はじめに
本記事は言語処理100本ノックの解説です。
100本のノックを全てこなした記録をQiitaに残します。
使用言語はPythonです。
今回は第6章: 機械学習(55~59)までの解答例をご紹介します。
6章前半(50~54)の解答例はこちらです。
55. 混同行列の作成
52で学習したロジスティック回帰モデルの混同行列(confusion matrix)を,学習データおよび評価データ上で作成せよ.
from sklearn.metrics import confusion_matrix
import seaborn as sns
import matplotlib.pyplot as plt
labels = [0, 1, 2, 3]
cm = confusion_matrix(Y_train, Y_pred_train, labels = labels)
cm = pd.DataFrame(data=cm, index=["e", "b", "m", "t"], columns=["e", "b", "m", "t"])
sns.heatmap(cm, square=True, cbar=True, annot=True, cmap='Blues')
plt.xlabel("Predict")
plt.ylabel("True")
plt.title("Train_Coufision")
plt.savefig("[PATH]/Train_confusion.png")
plt.gcf().clear()
cm = confusion_matrix(Y_test, Y_pred_test, labels = labels)
cm = pd.DataFrame(data=cm, index=["e", "b", "m", "t"], columns=["e", "b", "m", "t"])
sns.heatmap(cm, square=True, cbar=True, annot=True, cmap="Blues")
plt.xlabel("Predict")
plt.ylabel("True")
plt.title("Test_Coufision")
plt.savefig("[PATH]/Test_confusion.png")
コメント
数の多いカテゴリは予測しやすいですが、少ないのは微妙ですね。
56. 適合率,再現率,F1スコアの計測
52で学習したロジスティック回帰モデルの適合率,再現率,F1スコアを,評価データ上で計測せよ.カテゴリごとに適合率,再現率,F1スコアを求め,カテゴリごとの性能をマイクロ平均(micro-average)とマクロ平均(macro-average)で統合せよ.

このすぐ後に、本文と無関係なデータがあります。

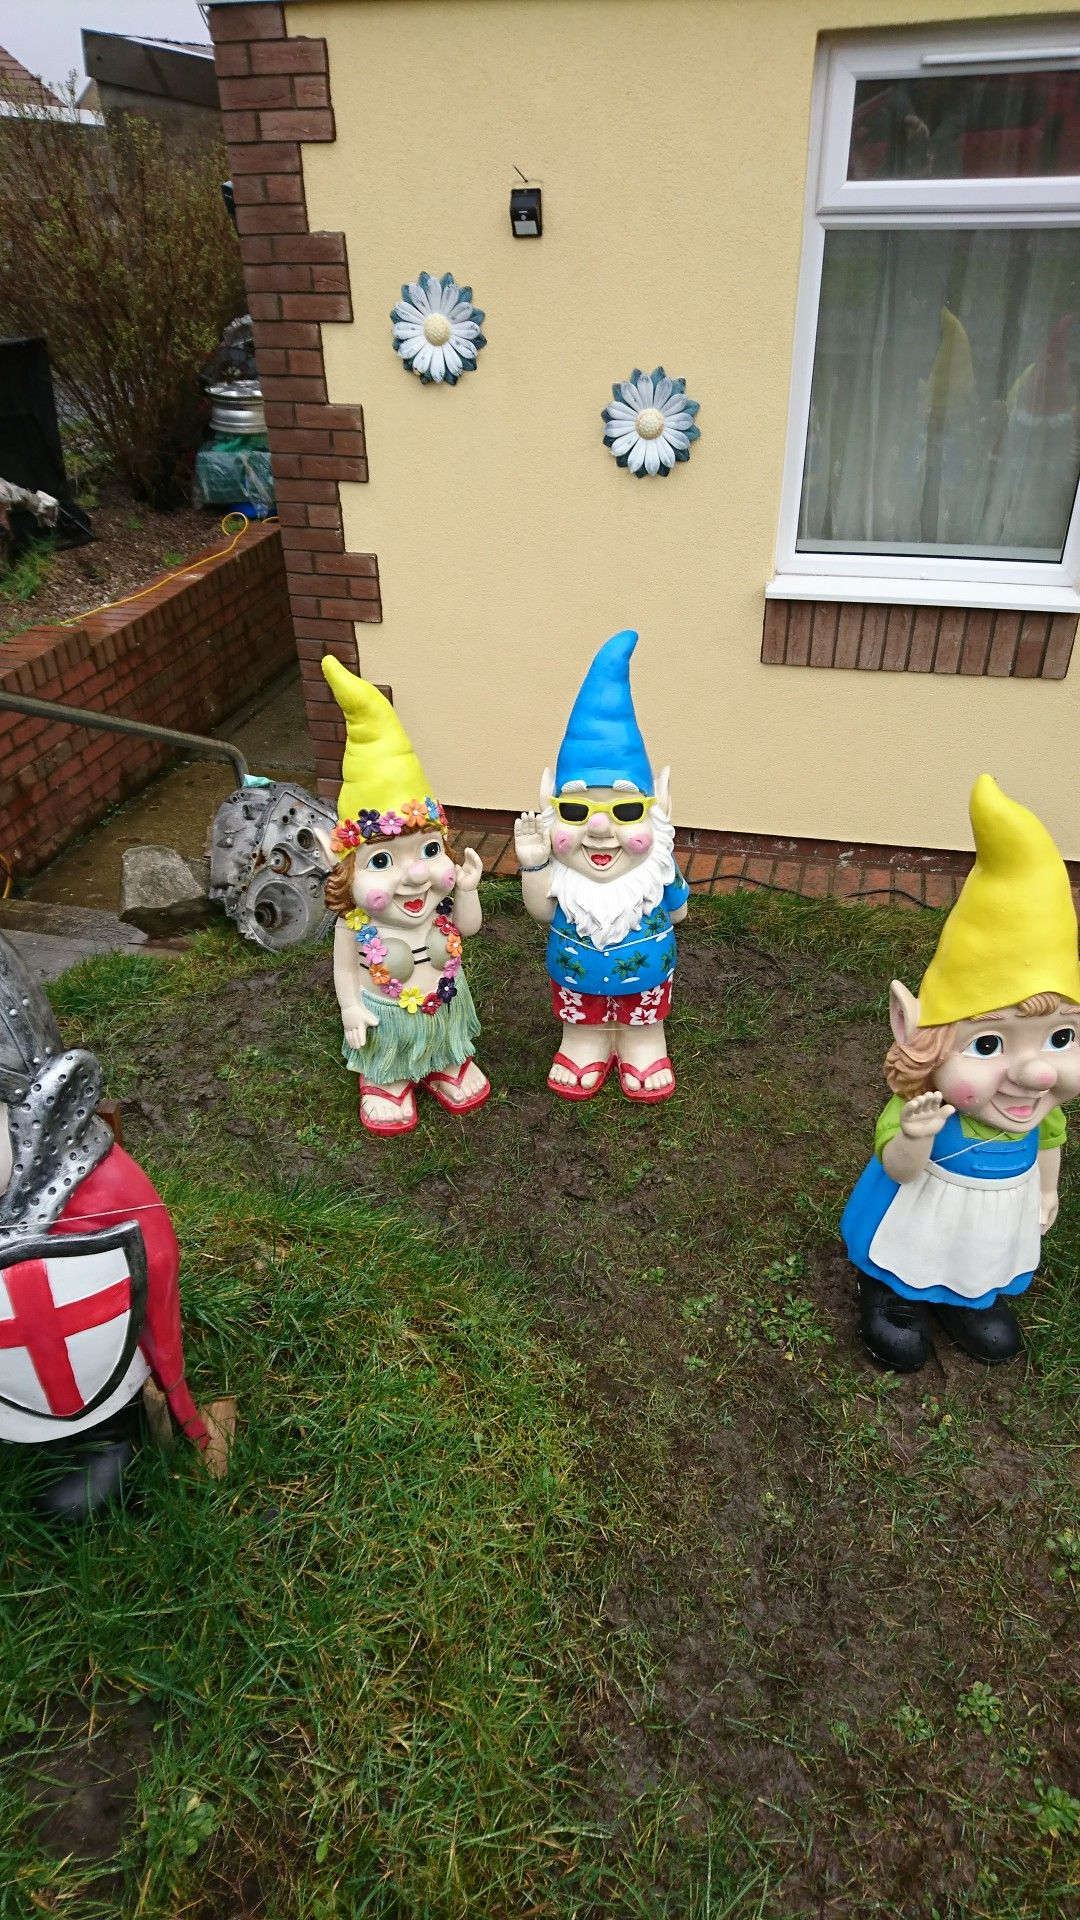 Pin by Tiffany Pineda on Gnomes | Pinterest | Gnomes

from sklearn.metrics import precision_score, recall_score, f1_score
df = pd.DataFrame(columns = ["適合率", "再現率", "F1値"], index=["e", "b", "m", "t", "macro-average", "micro-average"])
df.loc["e":"t", "適合率"] = precision_score(Y_test, Y_pred_test, average=None)
df.loc["e":"t", "再現率"] = recall_score(Y_test, Y_pred_test, average=None)
df.loc["e":"t", "F1値"] = f1_score(Y_test, Y_pred_test, average=None)
df.loc["e":"t", "適合率"] = precision_score(Y_test, Y_pred_test, average=None)
df.loc["macro-average", :] = [precision_score(Y_test, Y_pred_test, average="macro"), recall_score(Y_test, Y_pred_test, average="macro"), f1_score(Y_test, Y_pred_test, average="macro")]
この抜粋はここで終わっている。